__THE TASK__. Strip the pictures, then copy the remaining data exactly as it stands.

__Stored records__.
- - -

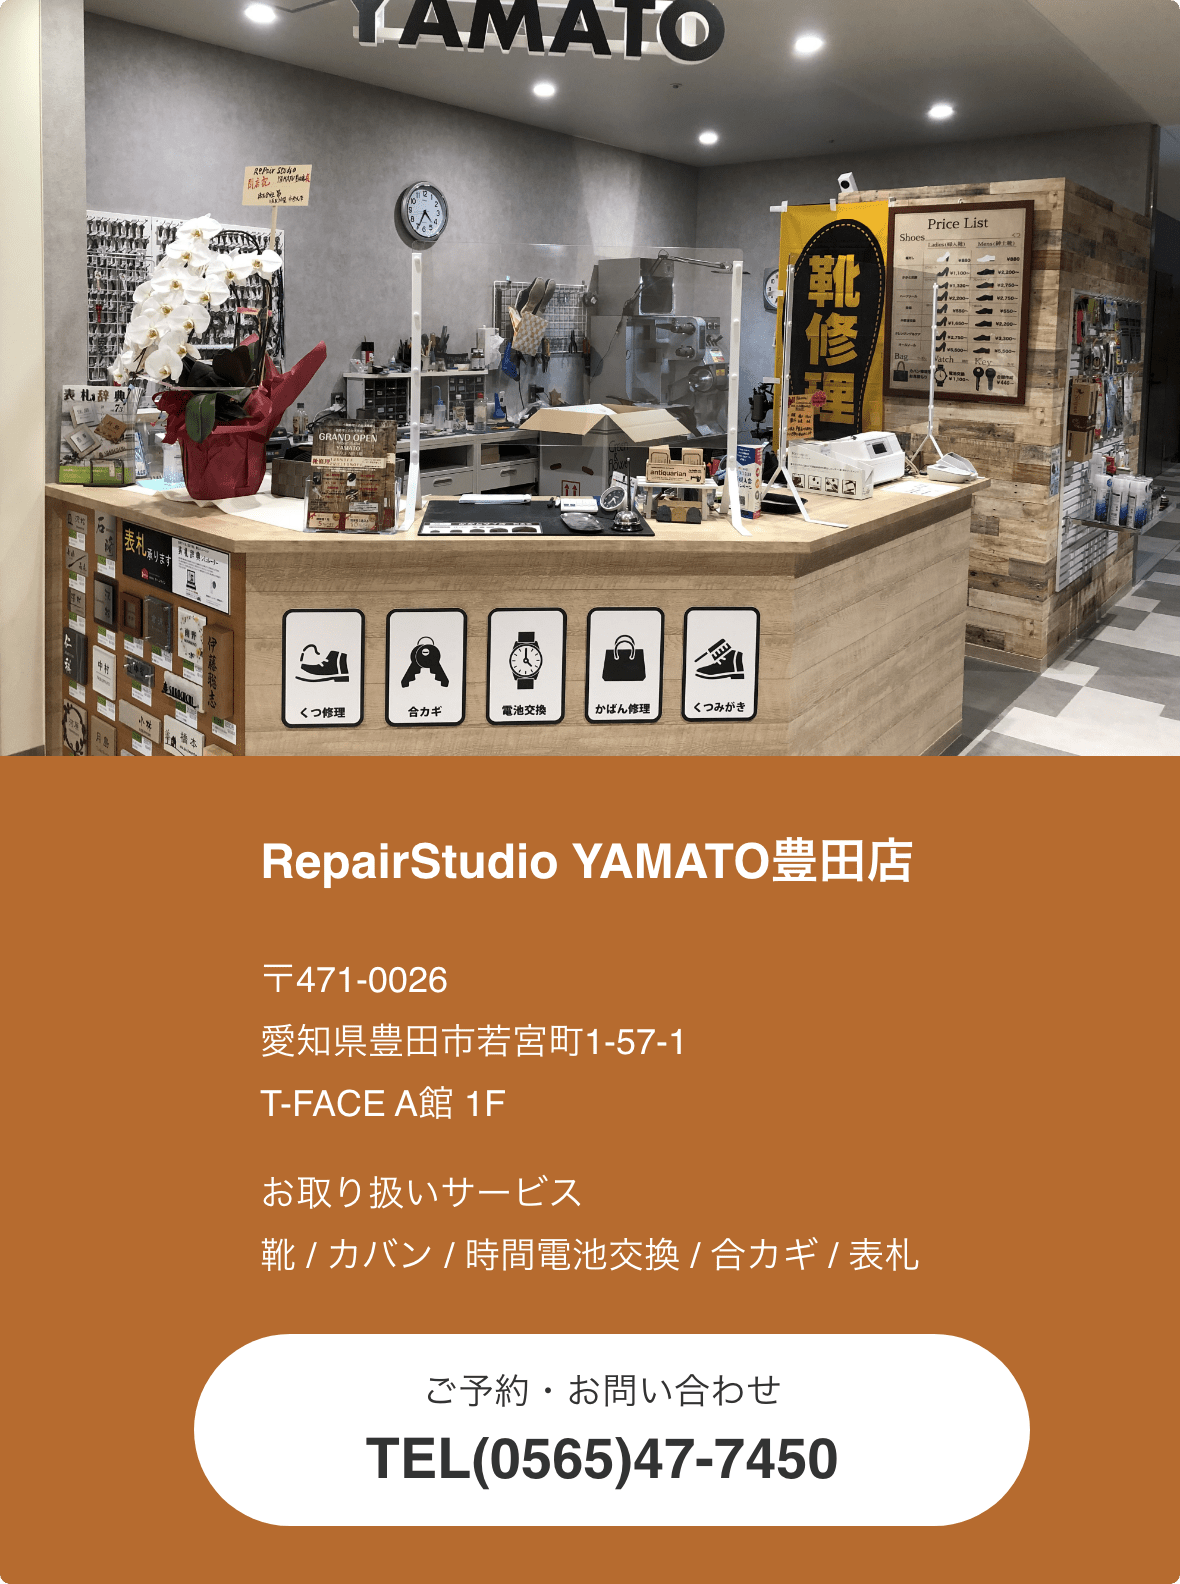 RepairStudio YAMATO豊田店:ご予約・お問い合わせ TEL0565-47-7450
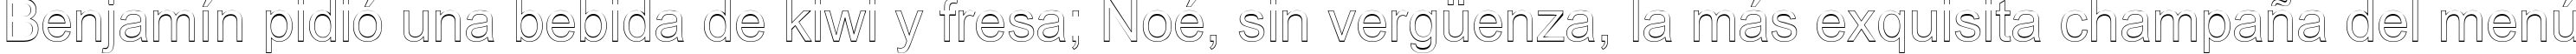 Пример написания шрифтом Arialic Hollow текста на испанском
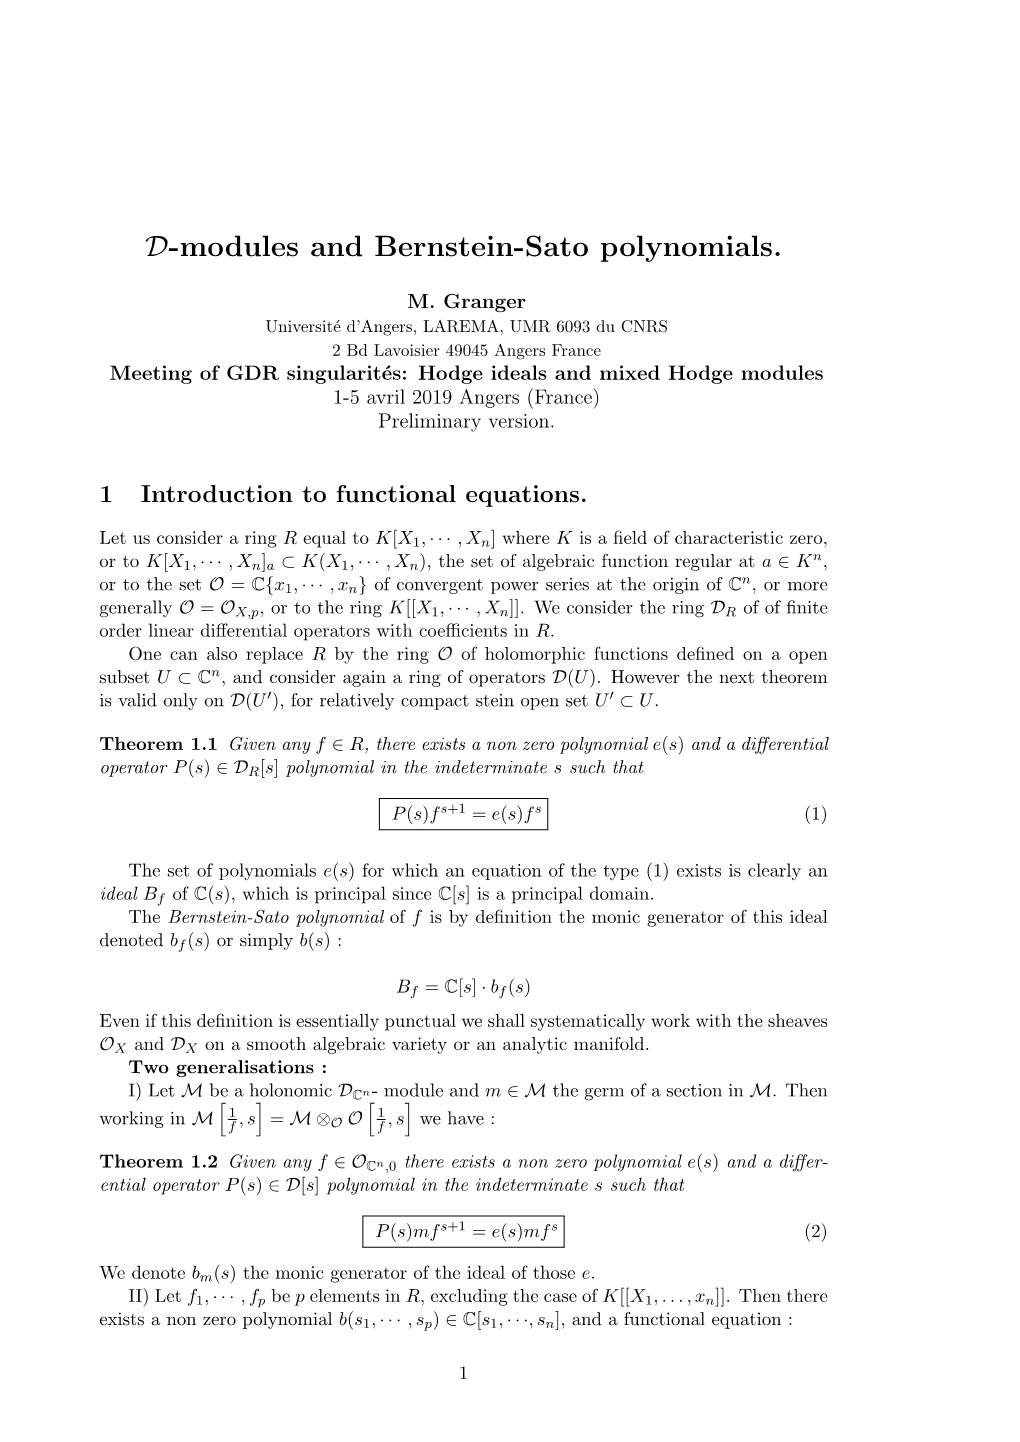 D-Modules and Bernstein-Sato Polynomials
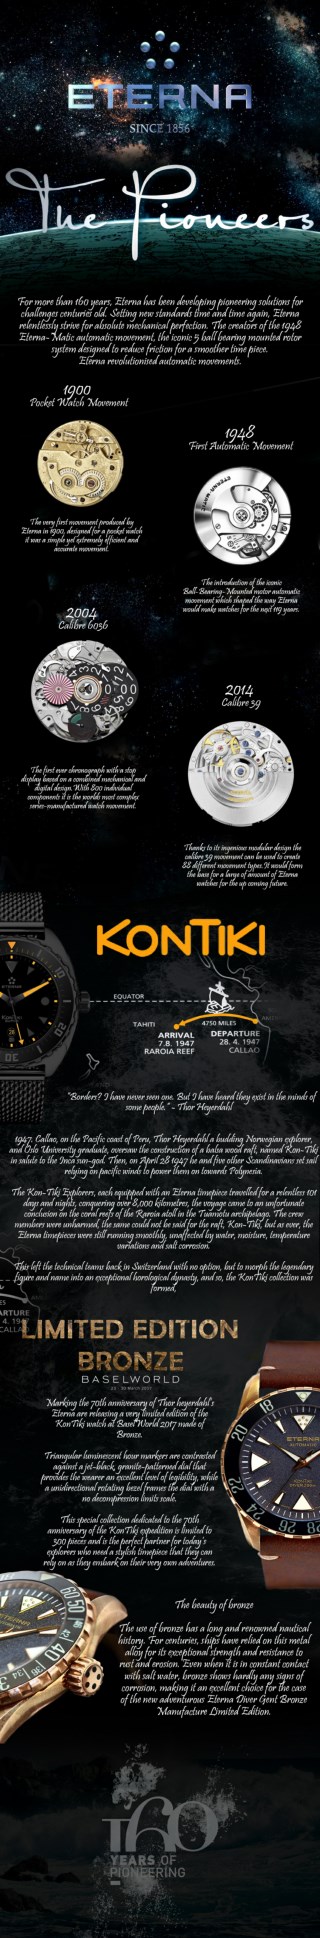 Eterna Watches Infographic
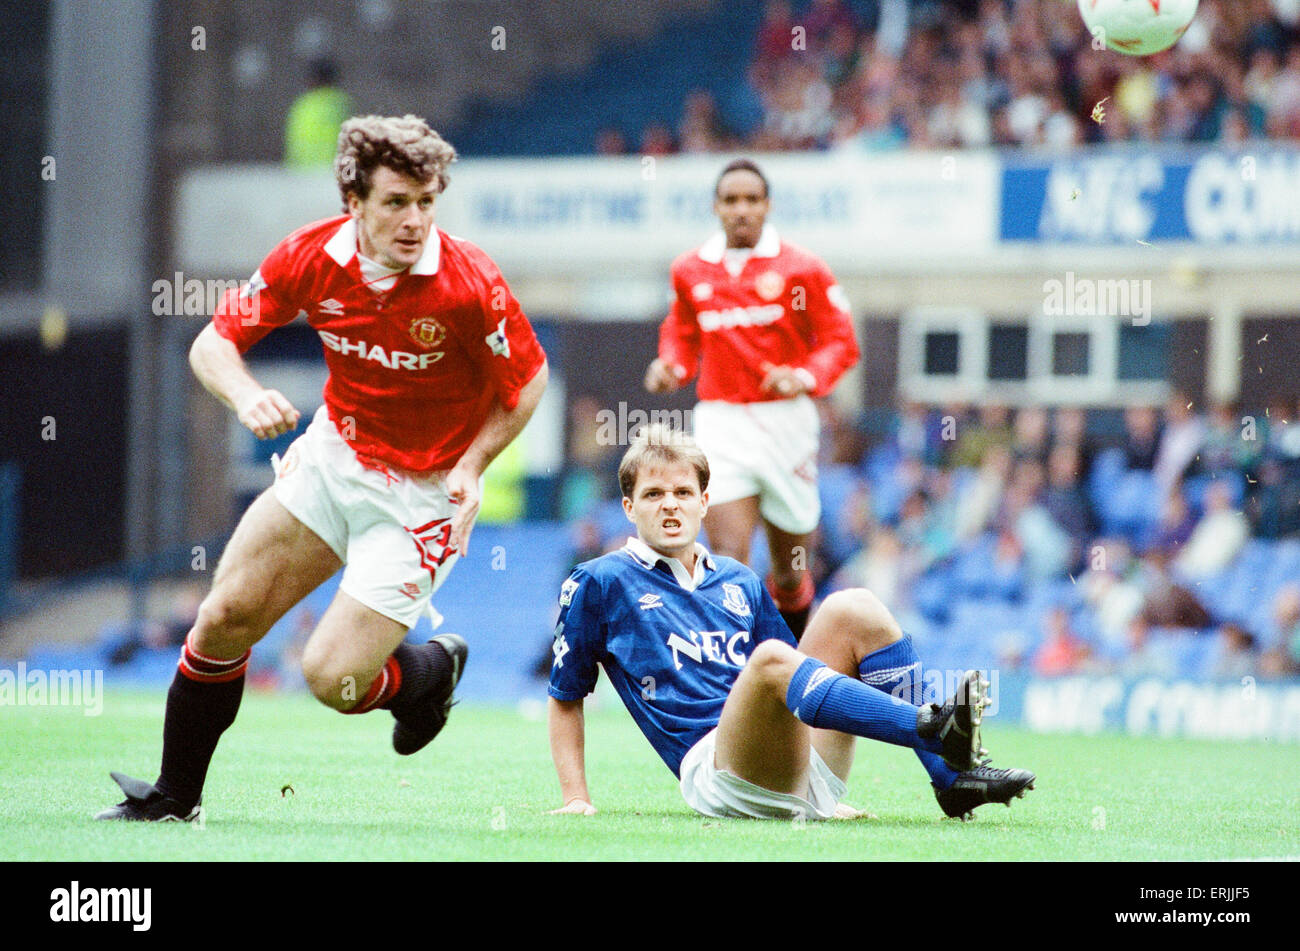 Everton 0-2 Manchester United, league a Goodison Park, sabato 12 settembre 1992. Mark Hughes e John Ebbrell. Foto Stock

- - -

__WRITTEN ANSWER__.
 RepairStudio YAMATO豊田店:ご予約・お問い合わせ TEL0565-47-7450
 Пример написания шрифтом Arialic Hollow текста на испанском
 D-Modules and Bernstein-Sato Polynomials
 Eterna Watches Infographic
 Everton 0-2 Manchester United, league a Goodison Park, sabato 12 settembre 1992. Mark Hughes e John Ebbrell. Foto Stock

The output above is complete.